PASOK Başkanı, hükümetin ‘yeşil SYRIZA’ argümanına yanıt verdi.
“Bizi sanki popülistmişiz gibi göstermeye çalışıyorlar, sanki ülkeye hizmet üretemiyoruz. Kim? Ülkeyi çürümeye mahkum edenler. Ülkeyi iflasa ve memoranduma götüren parti, memoralardan çıkarken, sosyal gerçeklik iyileşmek yerine, vatandaşlar Avrupa’nın ikinci en düşük satın alma gücüne sahip. Şirketlerin karları zirvenin üçüncüsü, ancak maaşlar Avrupa’nın sonuna ikinci sırada?” diye sordu.

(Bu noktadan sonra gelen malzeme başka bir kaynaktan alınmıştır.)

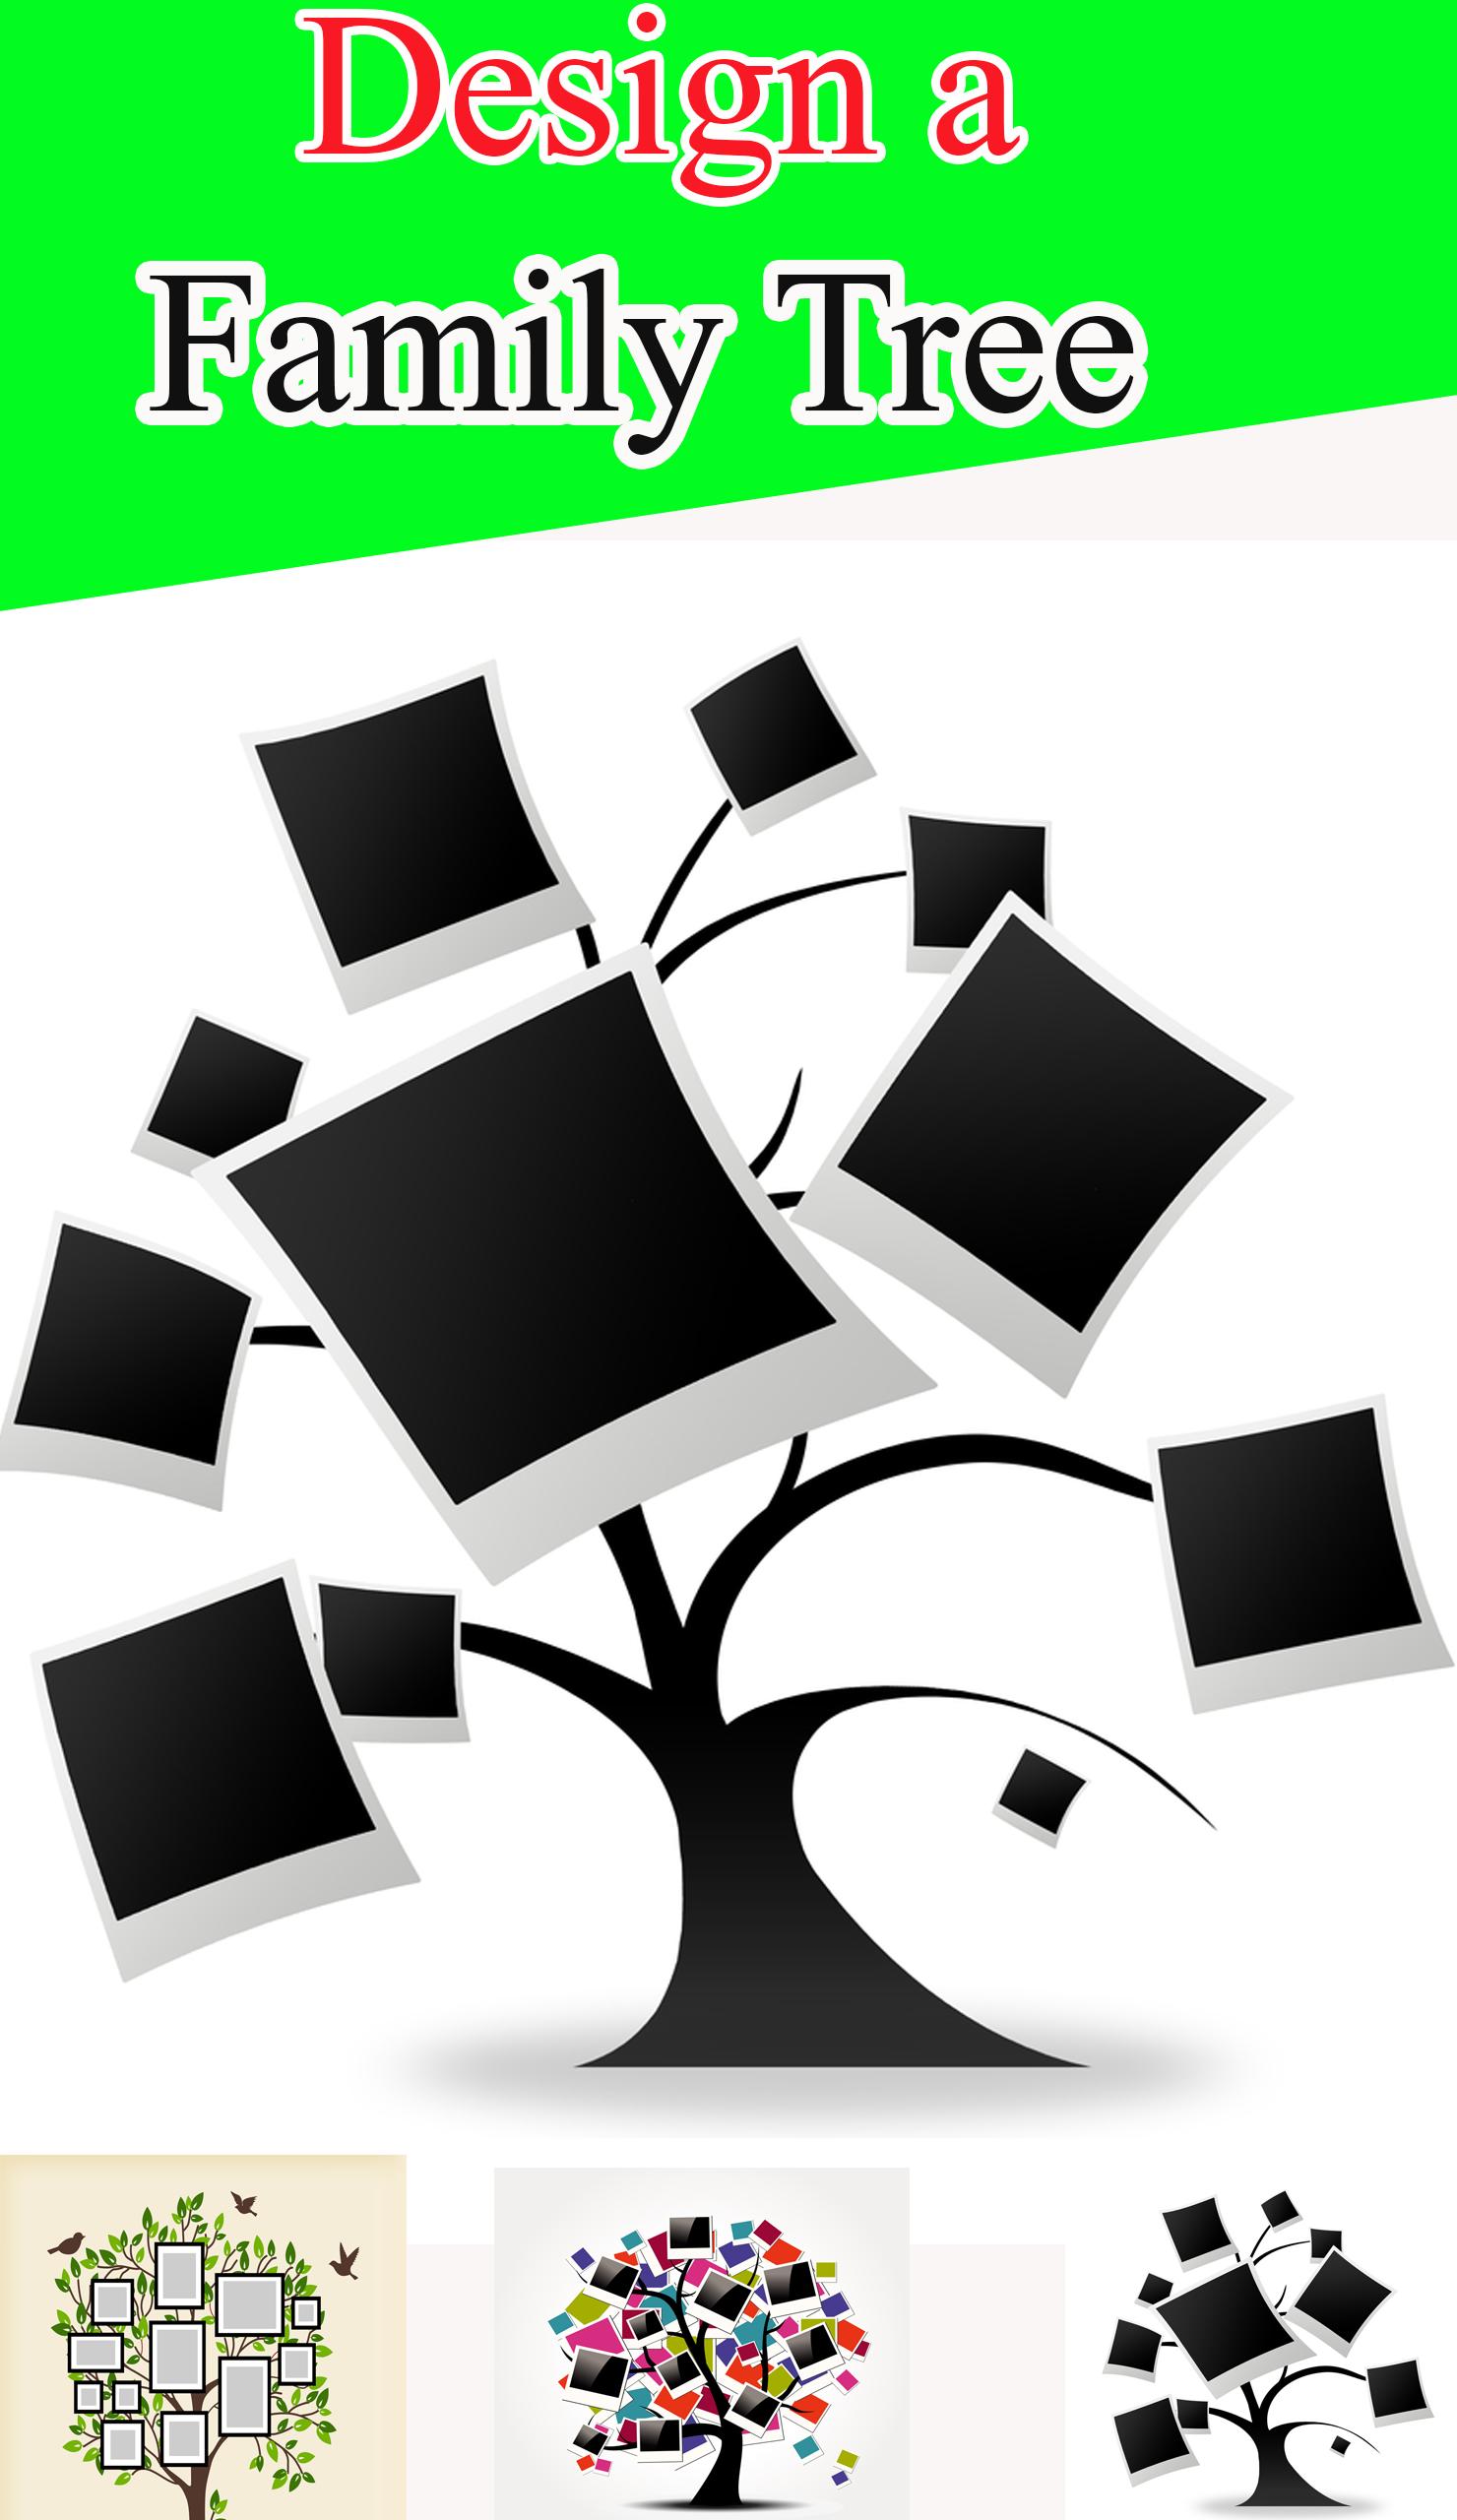 شجرة العائلة تصميم شجرة العائلة مع الصور For Android Apk Download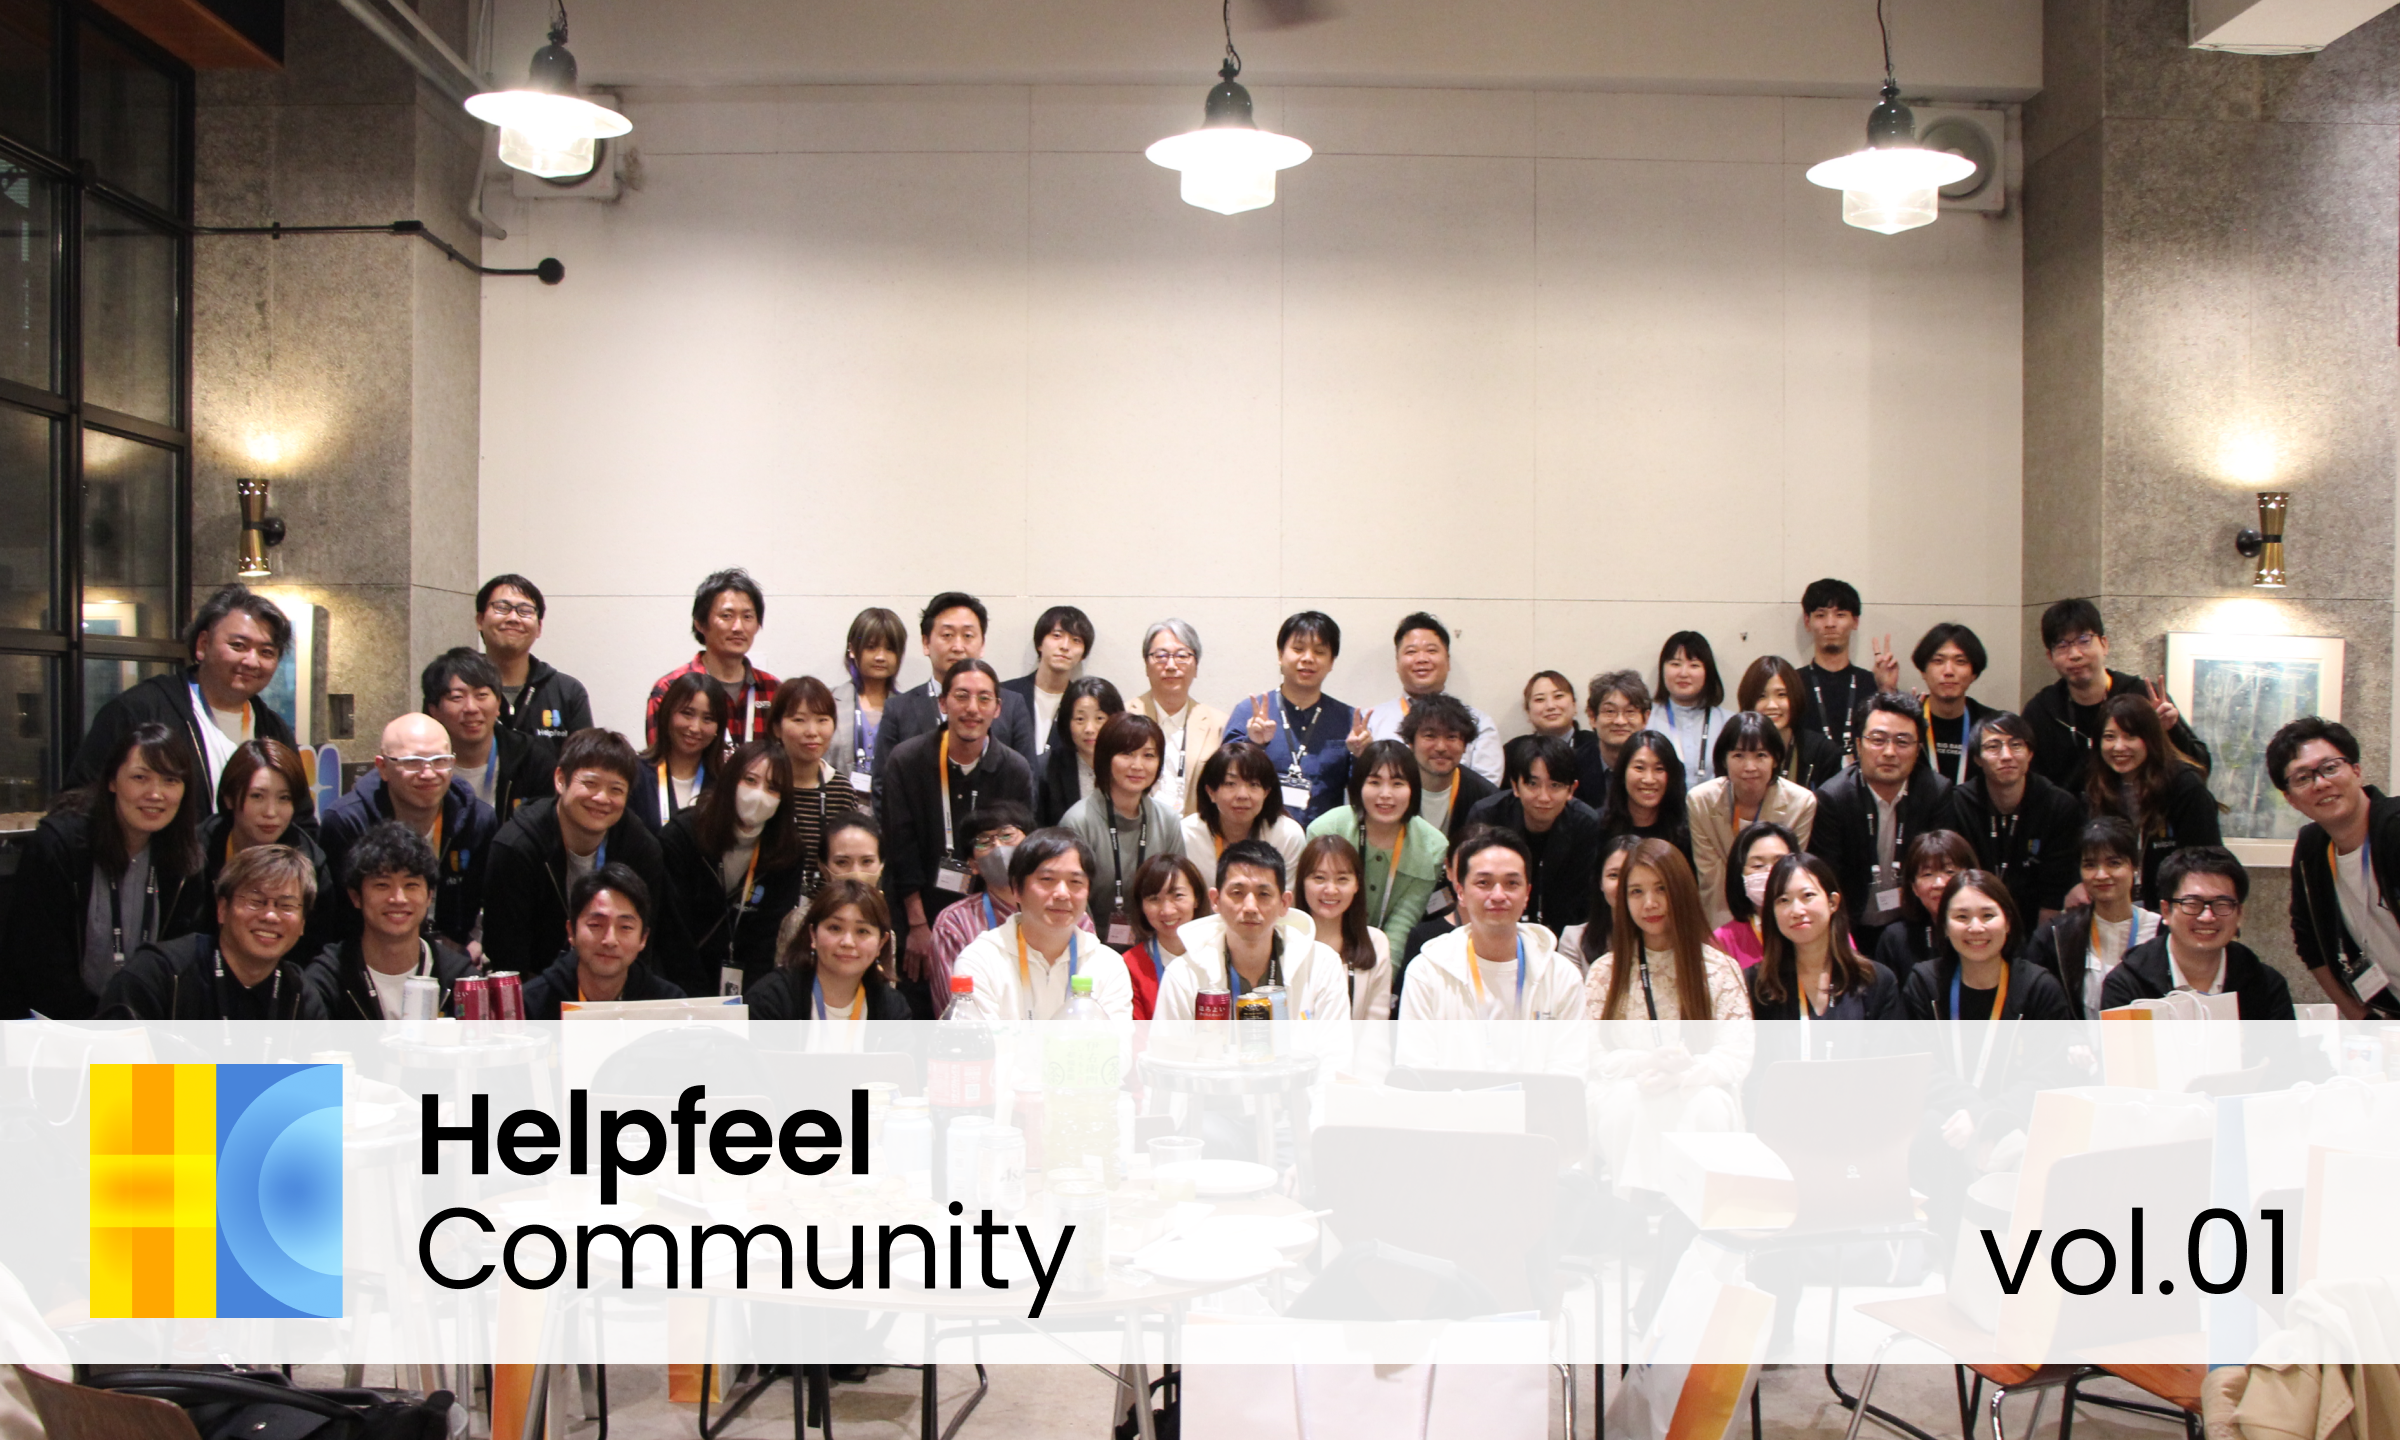 ユーザー同士の知見や経験を持ち寄って、広げる場に。「Helpfeel Community」の設立と第1回開催レポート

“Hiçbir şey değişmedi. Açıkça, rolümüz kurumsal olarak güçlenmiştir, ancak işimizi yaptık ve yapmaya devam edeceğiz. Ve görevimiz güvenilir, ciddi ve programatik olmaktır. Hangi sorun varsa, ilerici bir çözüm önererek, halkın PASOK’un seçeneğinde ilerici bir hükümet görebilmesi için çalışmalıyız” dedi PASOK’un muhalefet pozisyonundaki yükselişi hakkında.
“SYRIZA’daki durumdan memnun değilim. Sadece PASOK’taki durumu memnun edici buluyorum, çünkü bir araya gelmiş durumda, ciddidir, siyasi kadrosunu yenilemiştir, artık harcamamız gereken büyük bir siyasi ve ahlaki sermaye var” diyerek kulis çalışmalarını bir kez daha reddetti.
“PASOK ile siyasi bir yakınlaşma isteyen herkes, siyasi diyalog ve büyük meseleler için birleşim yoluyla ön planda olmalıdır, çünkü ülkemizin değişmeye ihtiyacı var” diyerek Androulakis sözlerini tamamladı.